■ **TASK TO CARRY OUT**: What you return should be only the lines starting at the one that contains "Giáo sư Nguyễn" and running to the end of the listing, exactly as written, minus any pictures.

■ **GIVEN INFORMATION**:
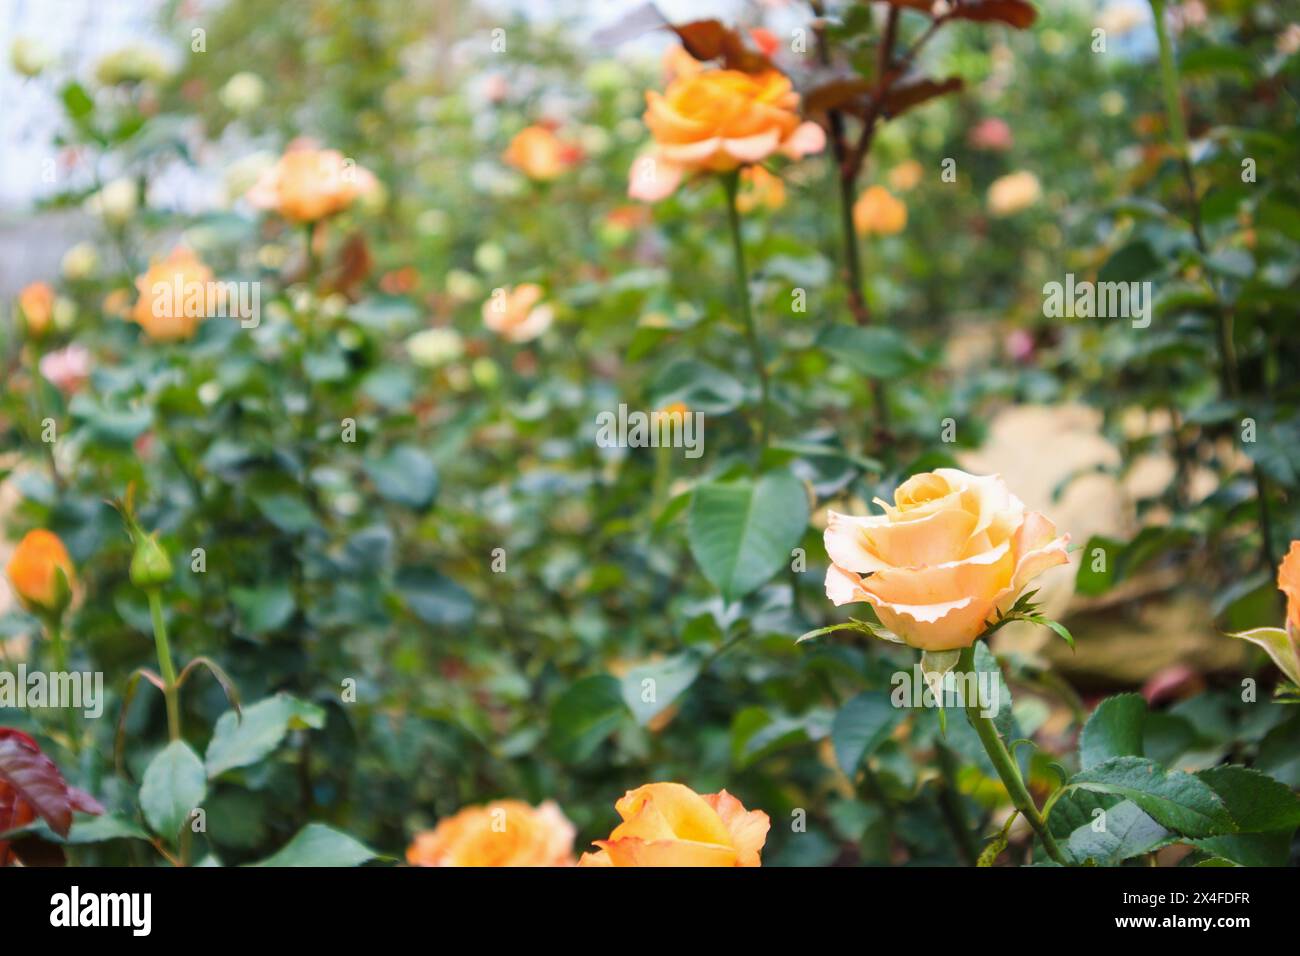 Bellissime rose naturali fresche nel giardino fiorito Foto Stock
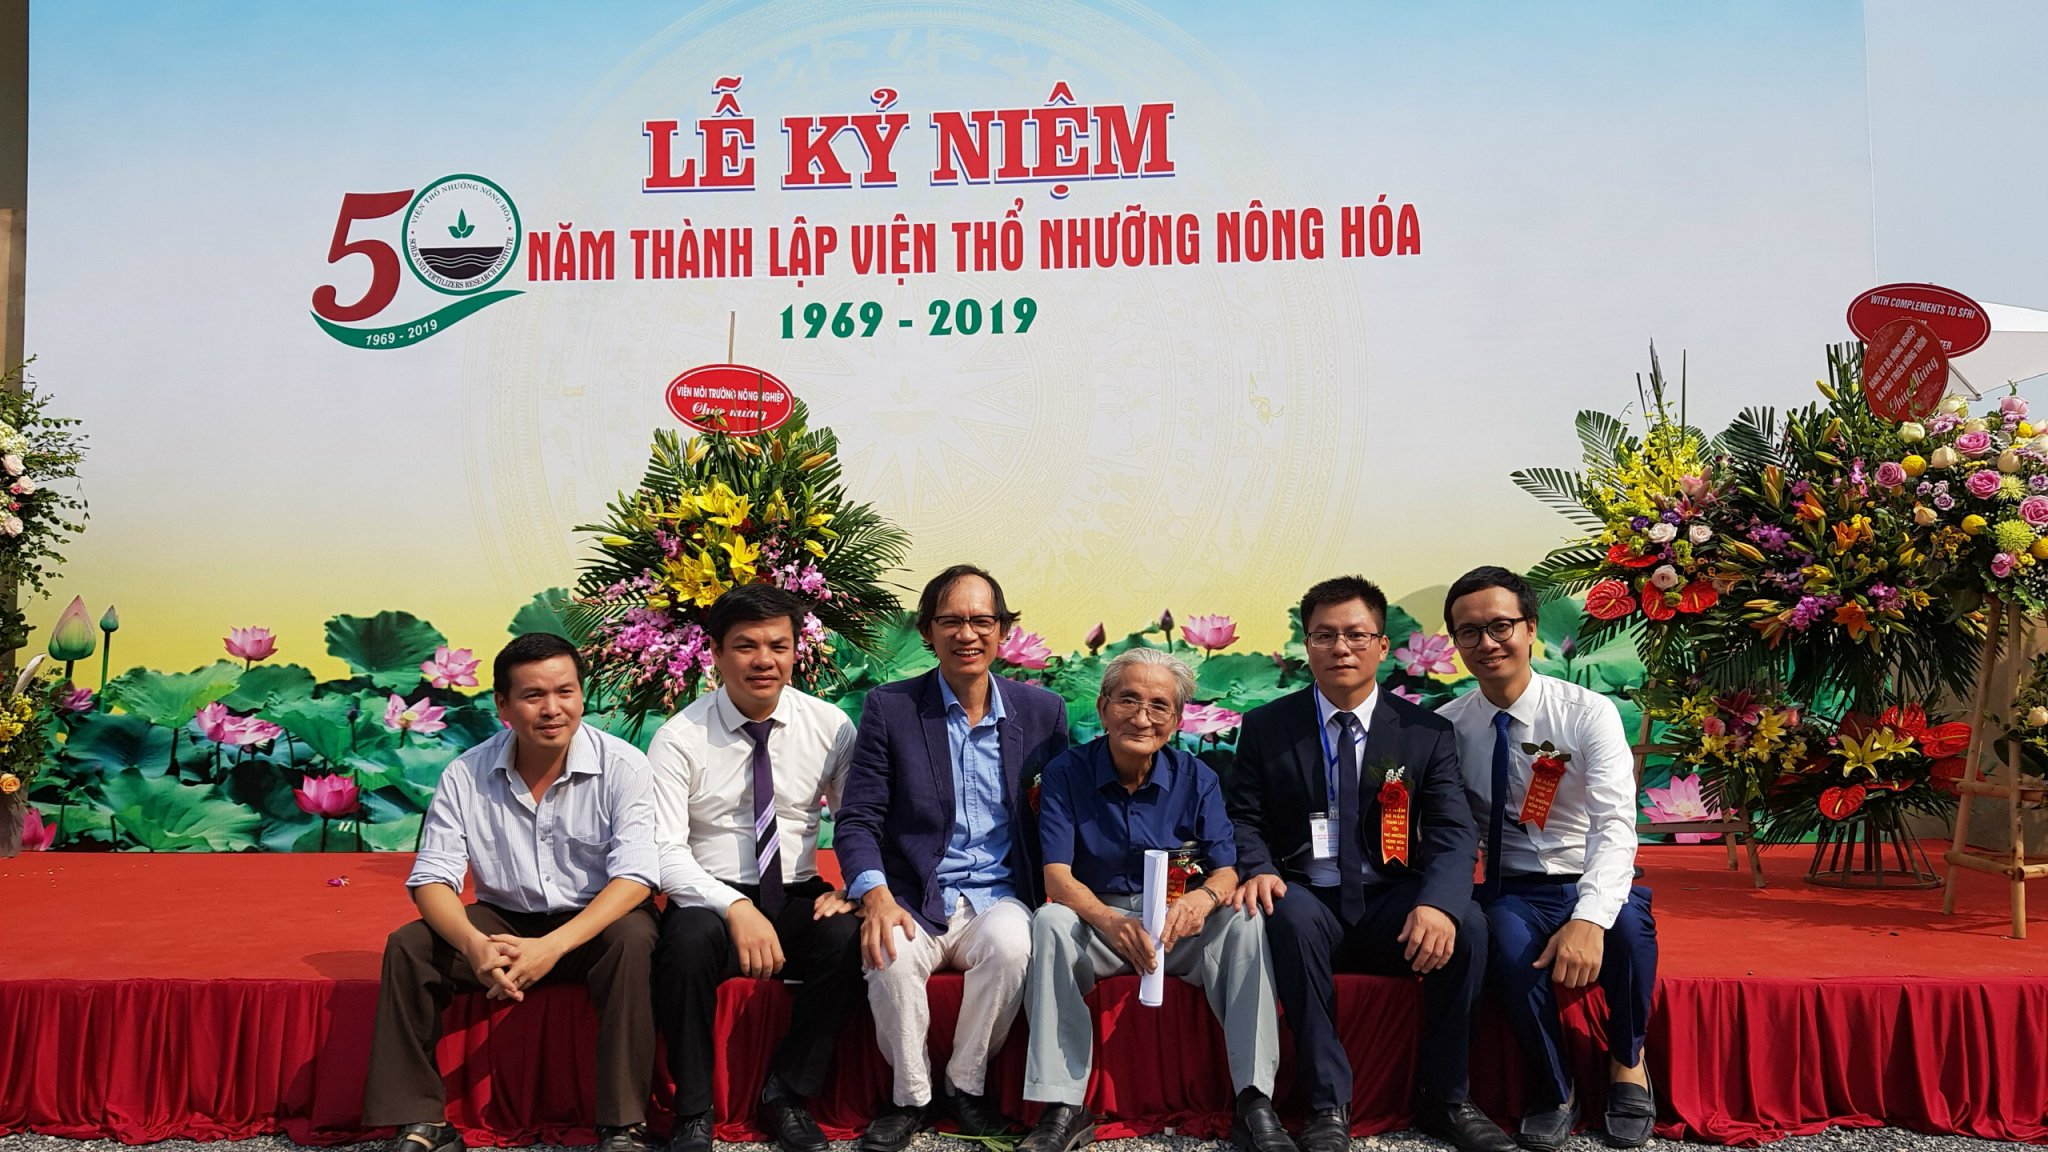 Giáo sư Nguyễn Vy, nguyên là Viện trưởng Viện Thổ nhưỡng Nông hoá, là một nhà khoa học nông nghiệp xuất sắc cho sự nghiệp xây dựng và bảo vệ Tổ quốc. Ảnh: TL.
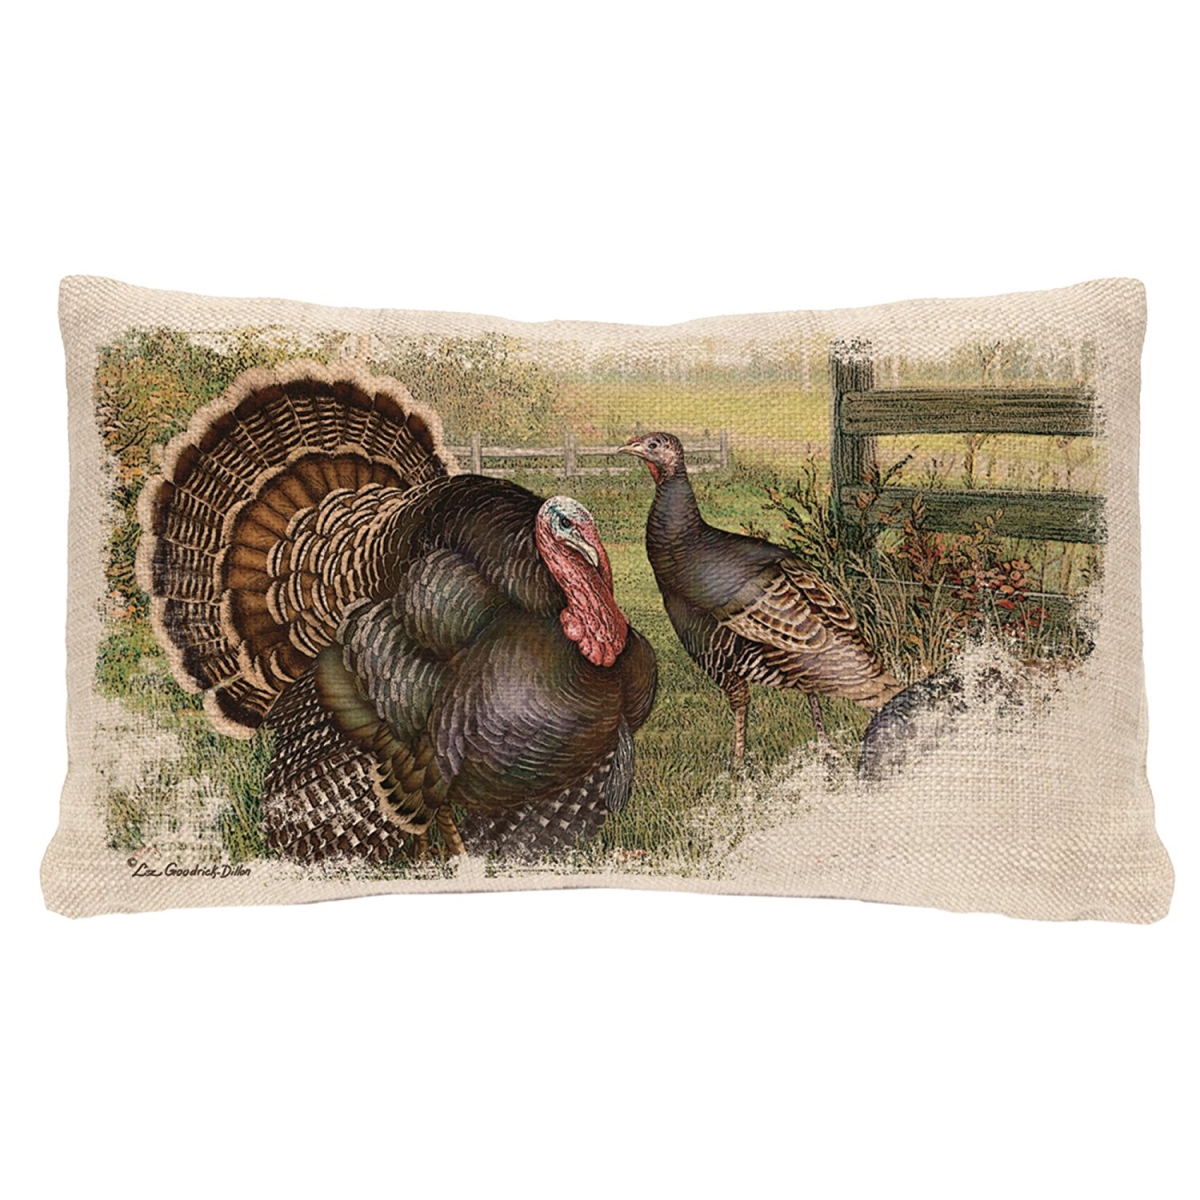 12 X 20 In. Wild Turkey Pillow - Natural
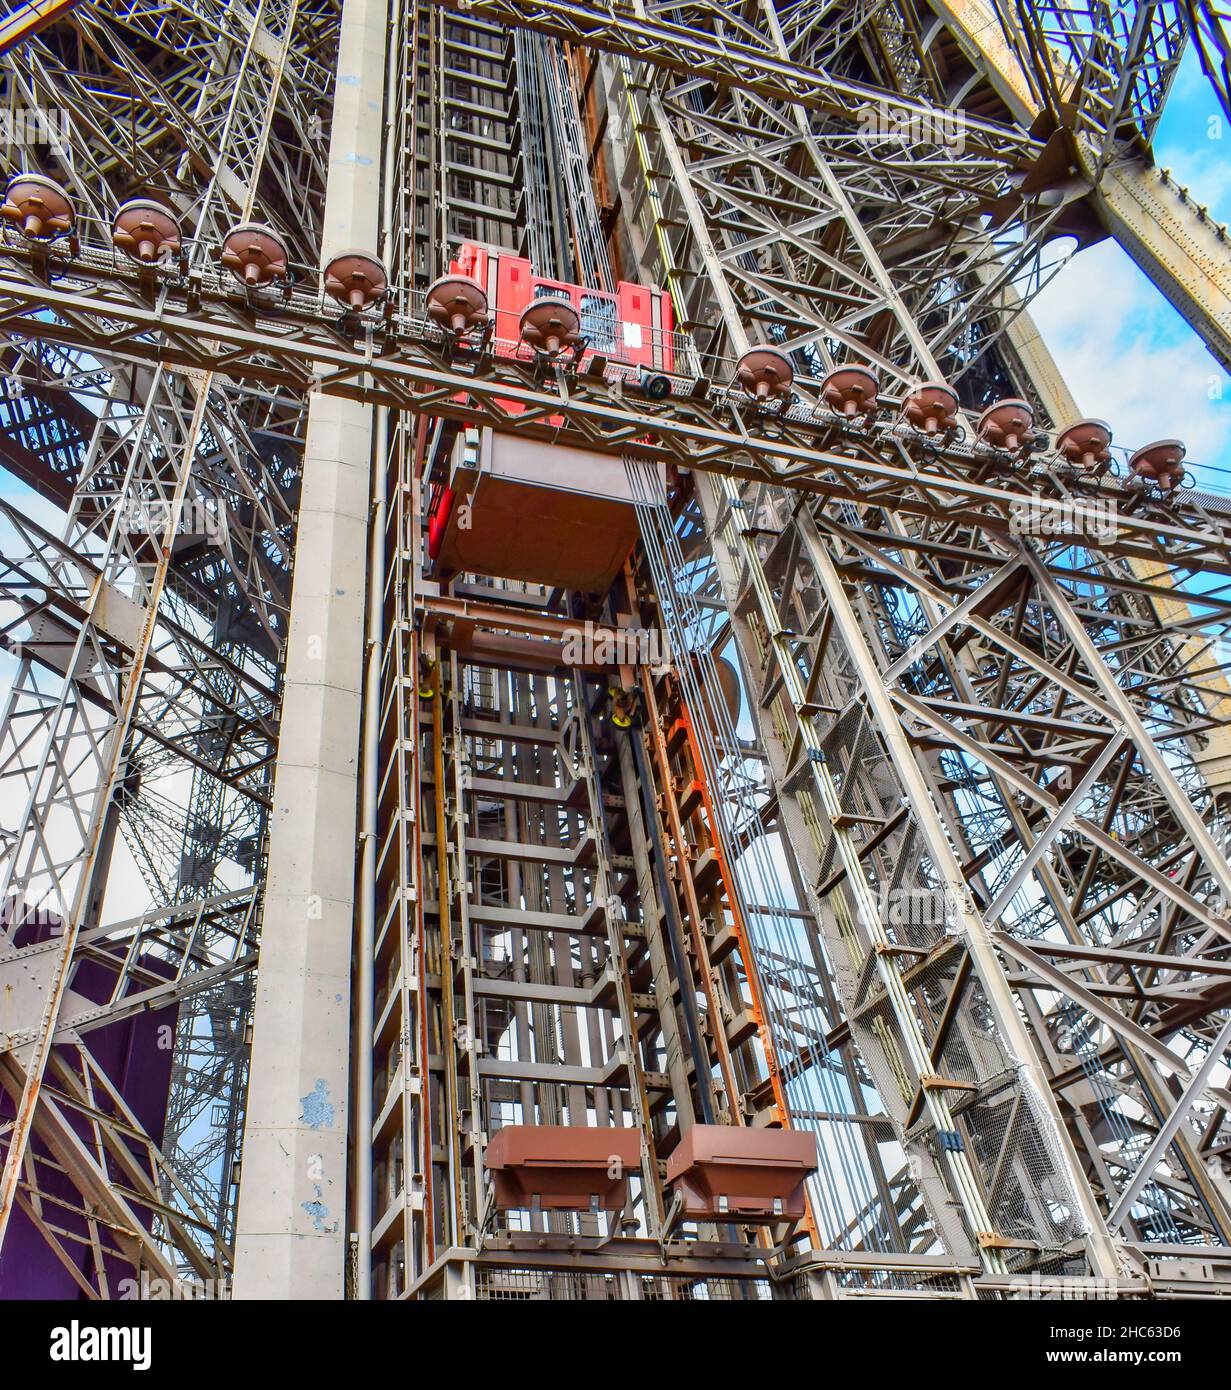 Ascensor elevador y estructura metálica de la torre Eiffel de Paris, Francia Stock Photo

■ **REPLY TO THE TASK**:
 Giáo sư Nguyễn Vy, nguyên là Viện trưởng Viện Thổ nhưỡng Nông hoá, là một nhà khoa học nông nghiệp xuất sắc cho sự nghiệp xây dựng và bảo vệ Tổ quốc. Ảnh: TL.
 12 X 20 In. Wild Turkey Pillow - Natural
 Ascensor elevador y estructura metálica de la torre Eiffel de Paris, Francia Stock Photo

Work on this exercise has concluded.